ME/CFS since 1995; activity level 6?
Messages
8,231
Location
Cornwall, UK
Plus, isn't the quote contradictory in this context? You used it to support a call for more information being made available on the efficacy of animal studies, but your supporting quote mentions that several studies have shown that they are predictive only 37-50% of the time. Either we do not need more information, or that quote is based on insufficient evidence.

I am simply replying to your points - you said 'expert' and I was pointing out that there were quite a few backing the statement.

We do need more information. There have been a few comparison studies, including the one referred to by the scientists and clinicians in the 37-50% context, which is here.

But we need a lot more info than that, and analyses by a lot more people. The authors of the few existing comparison studies may be accused of bias, deliberate or otherwise. Others may argue that the findings do not apply to their particular line of research. The field of animal experimentation is huge and varied. Just the range of species and genetic lines involved is huge.

But you have already said "I doubt it will change my mind completely on this issue", which I find puzzling.

Please, let UK folk just contact their MPs and ask them to support this EDM or not. I just don't have time for this discussion, which I have had much too much of over the years. The point of the EDM is to establish the facts to everyone's satisfaction, or as far as is possible.

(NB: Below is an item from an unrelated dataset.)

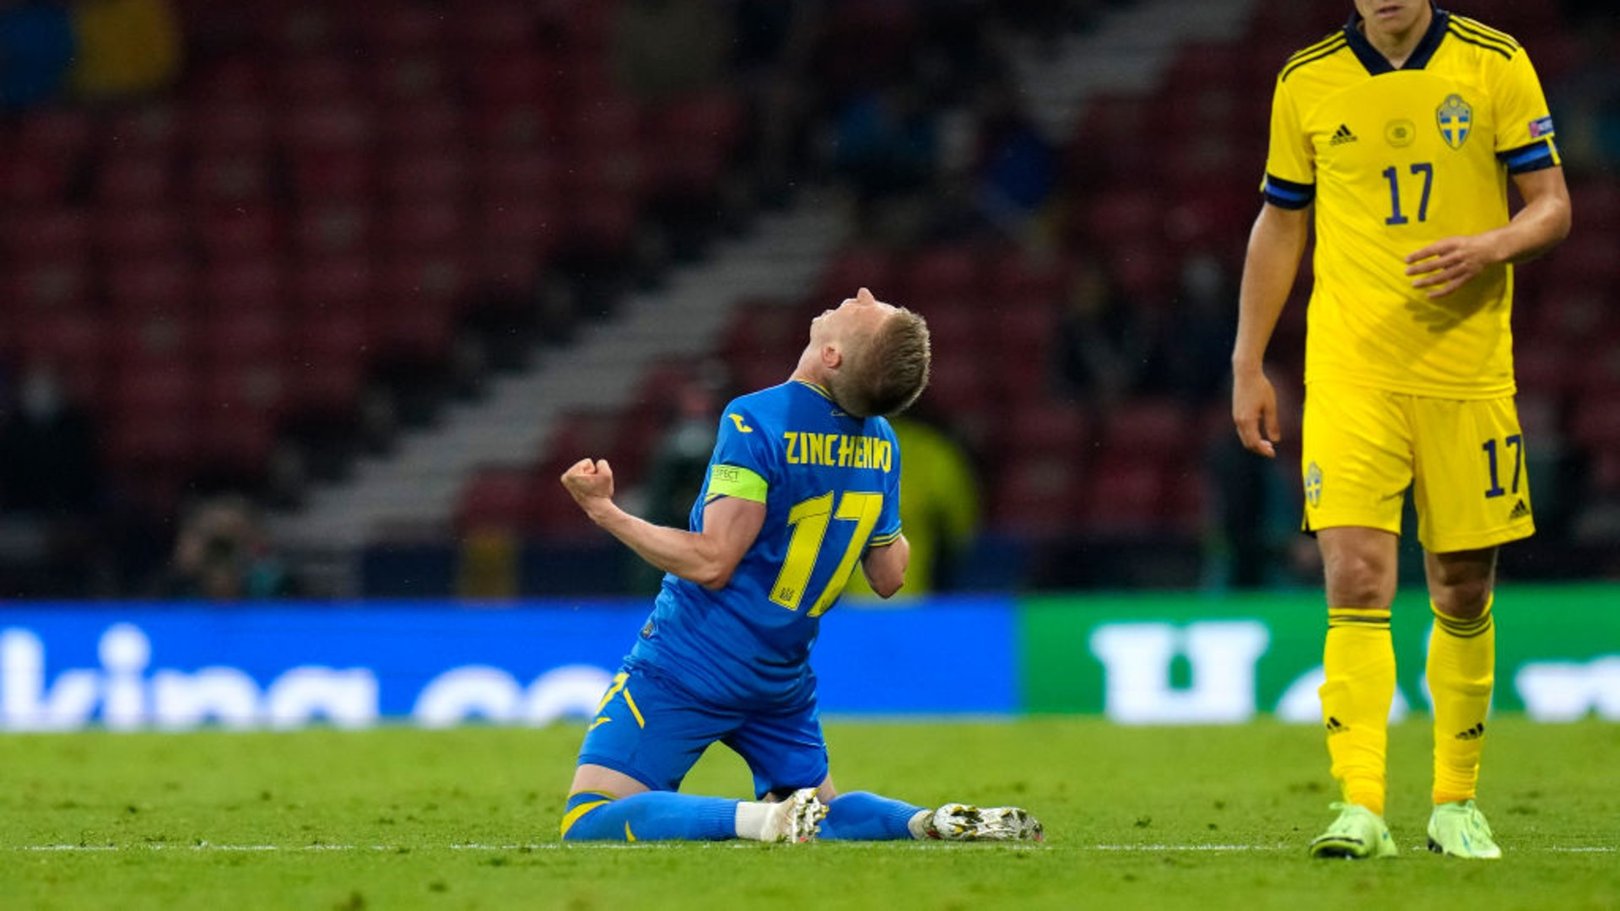 Zinchenko on target as Ukraine make history at Euro 2020
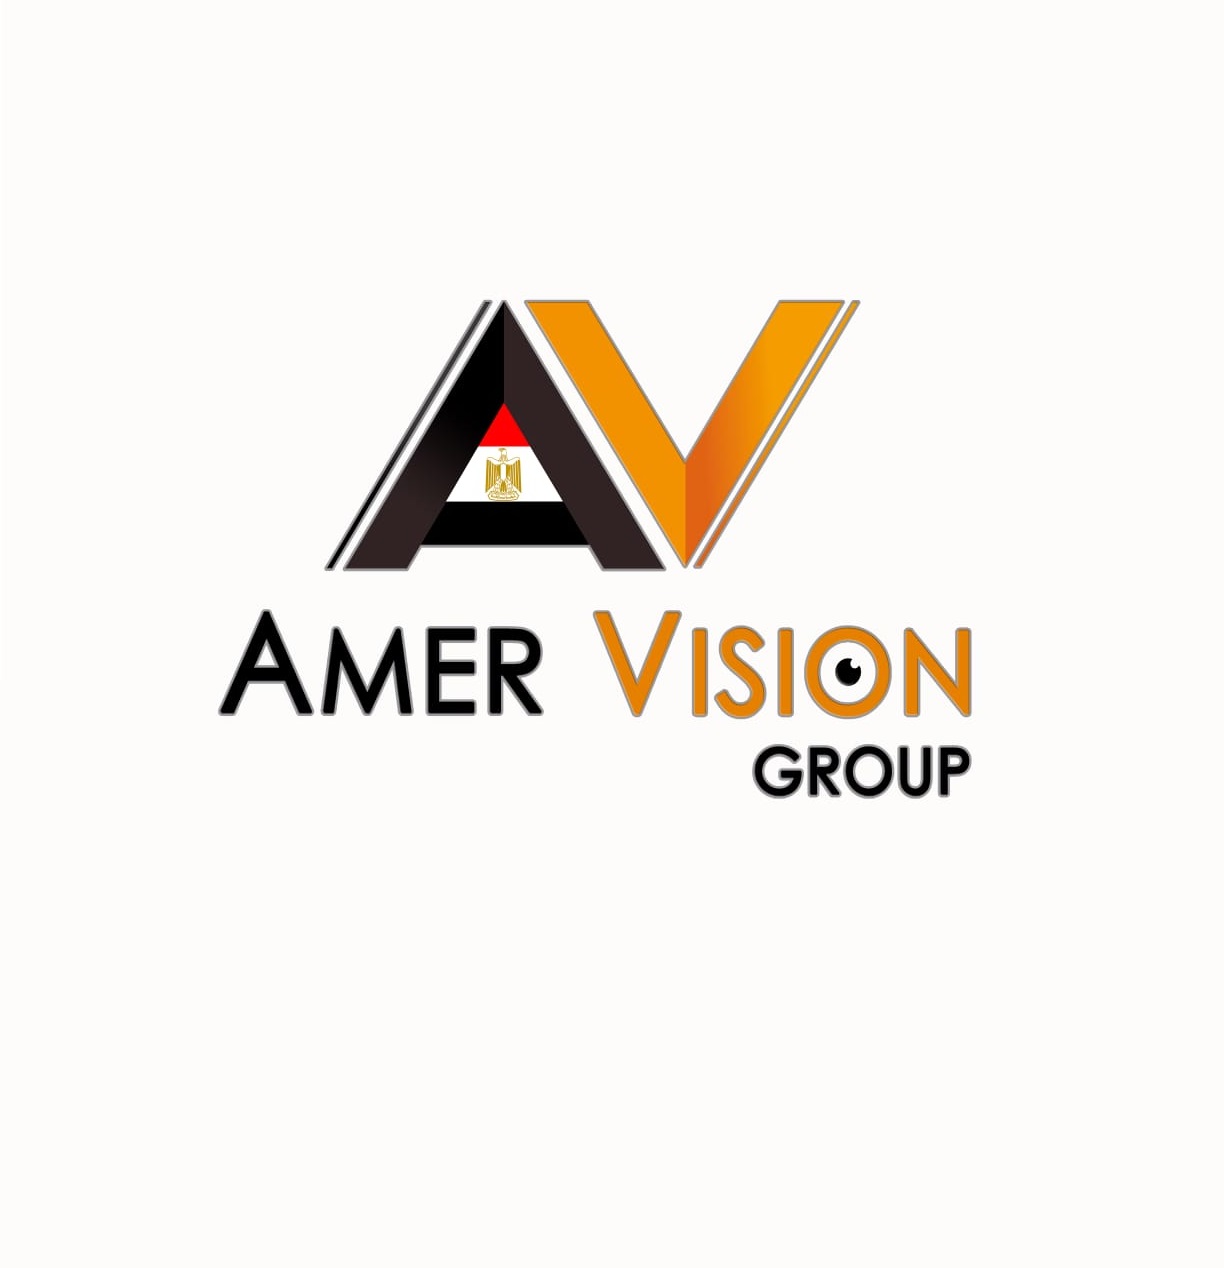 Amer vision

I am currently working so have to dash again.
 

msf

Senior Member
Messages
3,650
Ok, I doubt either of us is going to change each other's mind on this, so I will let it lie. I said I doubt I will change my mind completely because I feel that the logic of animal studies is pretty sound, but you obviously don't agree, so let's leave it at that.

I am not stopping anyone doing what you suggested in your opening post, and like Valentjin I saw you posting it here as an invitation to debate the issue. I assumed you were looking to persuade more people to come round to your way of thinking. If that was not your intention then I apologise for wasting your time.